Mr. Welch, 54, has served as Chairman, Chief Executive Officer and President of InterMune, Inc., a public biotechnology company ("InterMune"), since May 2008 and as the President and Chief Executive Officer of InterMune and a member of its board since September 2003. Prior to that time, Mr. Welch served as a consultant to Warburg Pincus LLC, a global private equity investment firm, as Chairman and Chief Executive Officer of Triangle Pharmaceuticals, Inc. and as President of the pharmaceutical division of Elan Corporation, PLC. Mr. Welch has served on the board of directors of Seattle Genetics since 2007, and also serves on the board of directors of a private company. Mr. Welch holds a B.S. in Marketing from the University of Miami and an M.B.A. from the University of North Carolina. Mr. Welch's operational and strategic expertise in the global biotechnology and pharmaceutical markets provides him with the qualifications and skills to serve as a director.

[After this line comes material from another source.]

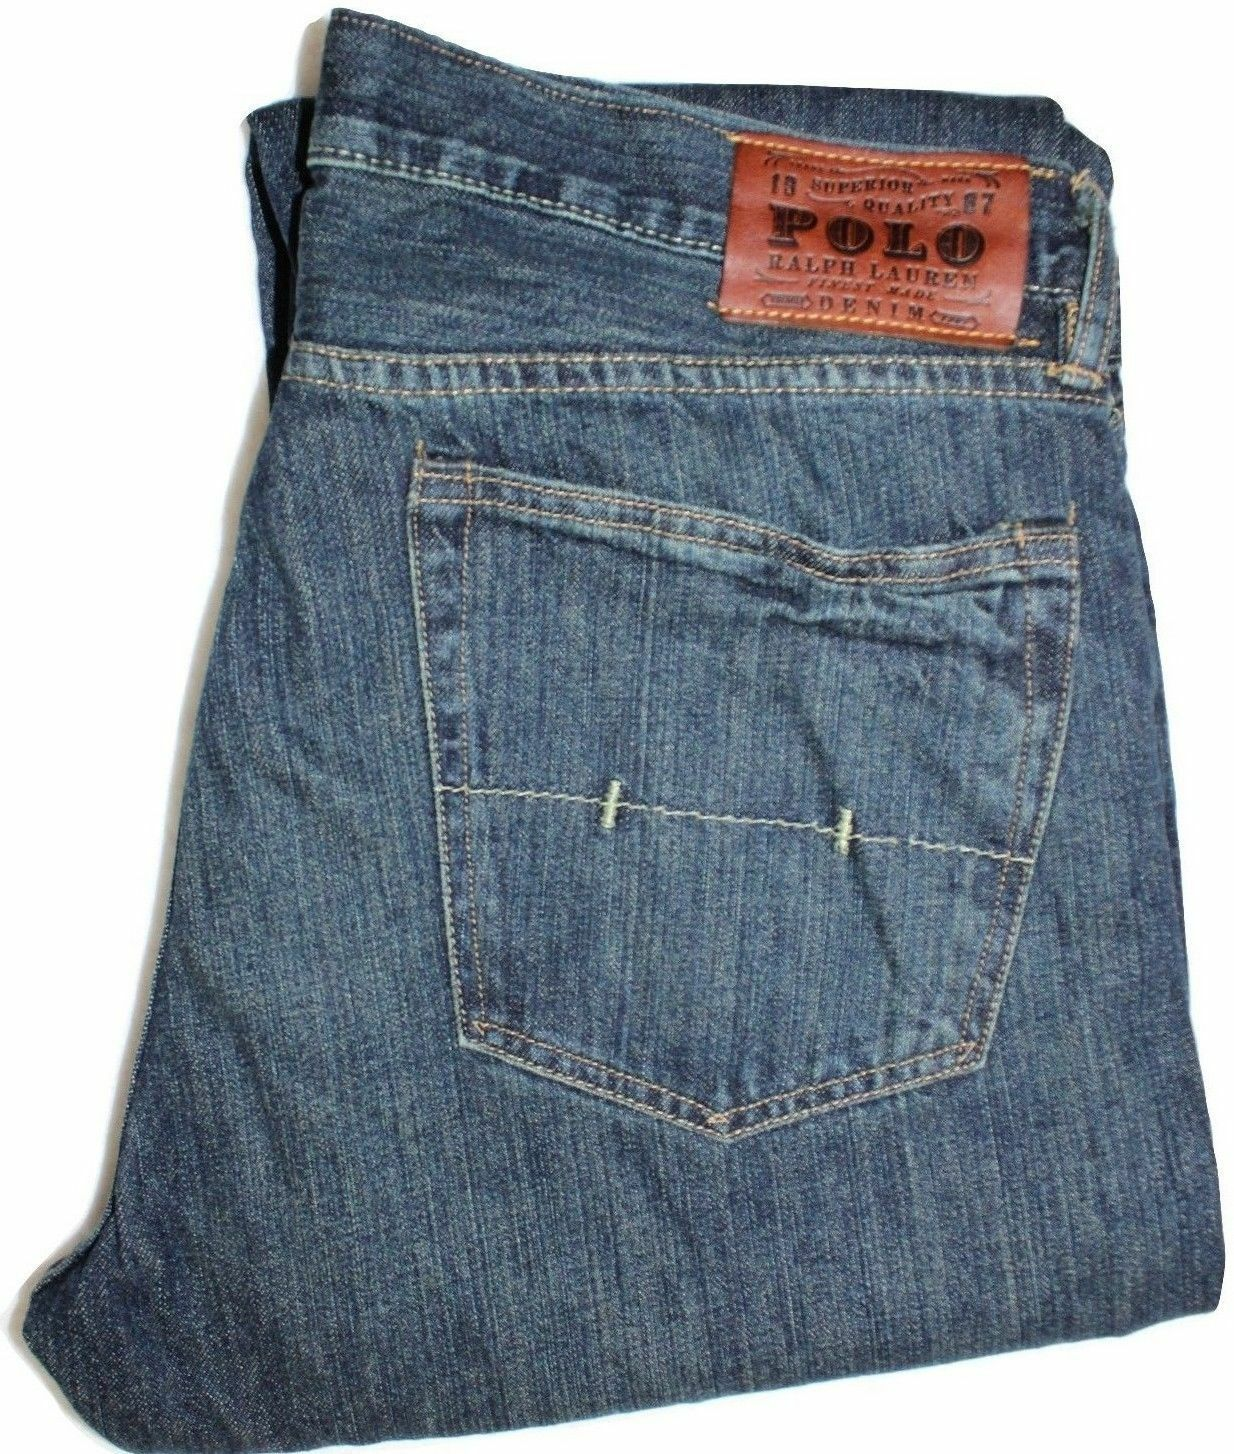 Polo Ralph Lauren Classic 867 Jeans Warren 34X30 NWT

For Mr. Welch's service on the Board, Mr. Welch will receive a pro rata portion of the annual retainer of $30,000. All amounts will be paid in quarterly installments. We will also reimburse Mr. Welch for his travel expenses incurred in connection with his attendance at Board meetings. In addition, as a newly appointed non-employee director, Mr. Welch will receive a one-time initial award of options to purchase 20,000 shares of the Company's common stock, which will vest monthly over a four-year period subject to continued service on the Board. Thereafter, Mr. Welch will receive an annual award of options to purchase 12,000 shares of the Company's common stock, which will vest on the one-year anniversary of the date of grant, subject to continued service on the Board.